## Data shown
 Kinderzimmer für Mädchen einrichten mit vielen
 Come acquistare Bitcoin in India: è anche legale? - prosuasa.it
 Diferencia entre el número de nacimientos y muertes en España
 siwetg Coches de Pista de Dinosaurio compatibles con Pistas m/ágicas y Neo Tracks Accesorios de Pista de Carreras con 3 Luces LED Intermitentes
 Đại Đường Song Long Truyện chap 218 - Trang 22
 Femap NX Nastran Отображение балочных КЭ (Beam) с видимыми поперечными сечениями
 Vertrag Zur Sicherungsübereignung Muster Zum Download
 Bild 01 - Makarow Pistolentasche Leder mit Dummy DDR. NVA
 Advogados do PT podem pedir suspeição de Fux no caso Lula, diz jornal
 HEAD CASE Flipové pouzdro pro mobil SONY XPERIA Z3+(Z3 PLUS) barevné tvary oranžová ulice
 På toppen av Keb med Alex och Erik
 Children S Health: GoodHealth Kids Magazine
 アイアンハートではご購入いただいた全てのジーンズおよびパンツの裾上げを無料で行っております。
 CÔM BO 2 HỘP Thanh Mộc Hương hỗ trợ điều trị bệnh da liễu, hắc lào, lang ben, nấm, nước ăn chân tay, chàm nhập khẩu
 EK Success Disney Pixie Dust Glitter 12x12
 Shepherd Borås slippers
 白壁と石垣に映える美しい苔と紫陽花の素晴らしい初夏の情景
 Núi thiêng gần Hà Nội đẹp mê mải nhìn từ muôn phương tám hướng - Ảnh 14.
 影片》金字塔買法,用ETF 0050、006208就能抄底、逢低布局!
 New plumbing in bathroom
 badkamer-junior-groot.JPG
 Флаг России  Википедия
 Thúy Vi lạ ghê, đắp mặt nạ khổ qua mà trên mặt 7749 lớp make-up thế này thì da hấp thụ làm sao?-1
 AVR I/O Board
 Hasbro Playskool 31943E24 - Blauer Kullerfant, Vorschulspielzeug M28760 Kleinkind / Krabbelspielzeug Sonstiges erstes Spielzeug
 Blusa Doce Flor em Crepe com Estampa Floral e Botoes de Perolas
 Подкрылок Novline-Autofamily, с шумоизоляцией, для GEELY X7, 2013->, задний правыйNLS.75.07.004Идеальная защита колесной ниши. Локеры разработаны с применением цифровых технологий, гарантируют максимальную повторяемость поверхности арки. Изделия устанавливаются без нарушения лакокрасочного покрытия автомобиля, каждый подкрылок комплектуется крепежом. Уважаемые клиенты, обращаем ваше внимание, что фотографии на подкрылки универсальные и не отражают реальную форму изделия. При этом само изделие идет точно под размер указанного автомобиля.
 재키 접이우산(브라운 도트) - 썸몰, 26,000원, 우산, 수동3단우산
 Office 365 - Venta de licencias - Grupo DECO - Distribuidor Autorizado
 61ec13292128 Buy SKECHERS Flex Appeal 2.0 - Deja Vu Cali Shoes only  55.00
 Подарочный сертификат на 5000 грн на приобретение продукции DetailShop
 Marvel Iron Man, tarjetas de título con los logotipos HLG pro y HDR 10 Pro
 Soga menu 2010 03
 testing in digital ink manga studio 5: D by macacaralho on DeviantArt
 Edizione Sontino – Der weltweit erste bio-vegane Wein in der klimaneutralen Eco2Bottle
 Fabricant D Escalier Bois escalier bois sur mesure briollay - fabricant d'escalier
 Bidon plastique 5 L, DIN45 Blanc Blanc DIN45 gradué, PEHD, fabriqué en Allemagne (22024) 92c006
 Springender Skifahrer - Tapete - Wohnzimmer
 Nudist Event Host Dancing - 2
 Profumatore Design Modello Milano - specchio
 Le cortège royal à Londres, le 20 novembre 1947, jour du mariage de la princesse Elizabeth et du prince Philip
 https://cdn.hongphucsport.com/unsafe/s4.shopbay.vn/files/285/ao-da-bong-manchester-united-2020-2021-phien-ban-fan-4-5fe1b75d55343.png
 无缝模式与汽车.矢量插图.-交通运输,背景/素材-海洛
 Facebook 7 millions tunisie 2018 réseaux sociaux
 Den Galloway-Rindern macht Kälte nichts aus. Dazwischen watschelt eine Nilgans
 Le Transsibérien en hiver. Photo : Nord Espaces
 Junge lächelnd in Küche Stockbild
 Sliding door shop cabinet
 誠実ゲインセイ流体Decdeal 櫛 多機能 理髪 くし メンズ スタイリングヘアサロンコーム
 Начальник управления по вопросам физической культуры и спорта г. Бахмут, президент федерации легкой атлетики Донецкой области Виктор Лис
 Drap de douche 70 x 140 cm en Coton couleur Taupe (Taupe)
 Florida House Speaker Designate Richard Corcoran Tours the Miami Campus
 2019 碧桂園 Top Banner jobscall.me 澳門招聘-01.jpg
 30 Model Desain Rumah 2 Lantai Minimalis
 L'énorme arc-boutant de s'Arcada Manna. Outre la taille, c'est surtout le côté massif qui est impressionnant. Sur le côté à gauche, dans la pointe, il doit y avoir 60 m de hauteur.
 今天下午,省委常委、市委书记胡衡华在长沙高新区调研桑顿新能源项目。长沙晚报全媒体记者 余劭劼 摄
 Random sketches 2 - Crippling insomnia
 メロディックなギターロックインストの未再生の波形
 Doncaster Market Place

## Work required
Restate word for word the lines from the one holding "メロディックなギターロックインストの未再生の波形" through the last line of the listing, omitting every earlier line.

## Answer to the problem
 メロディックなギターロックインストの未再生の波形
 Doncaster Market Place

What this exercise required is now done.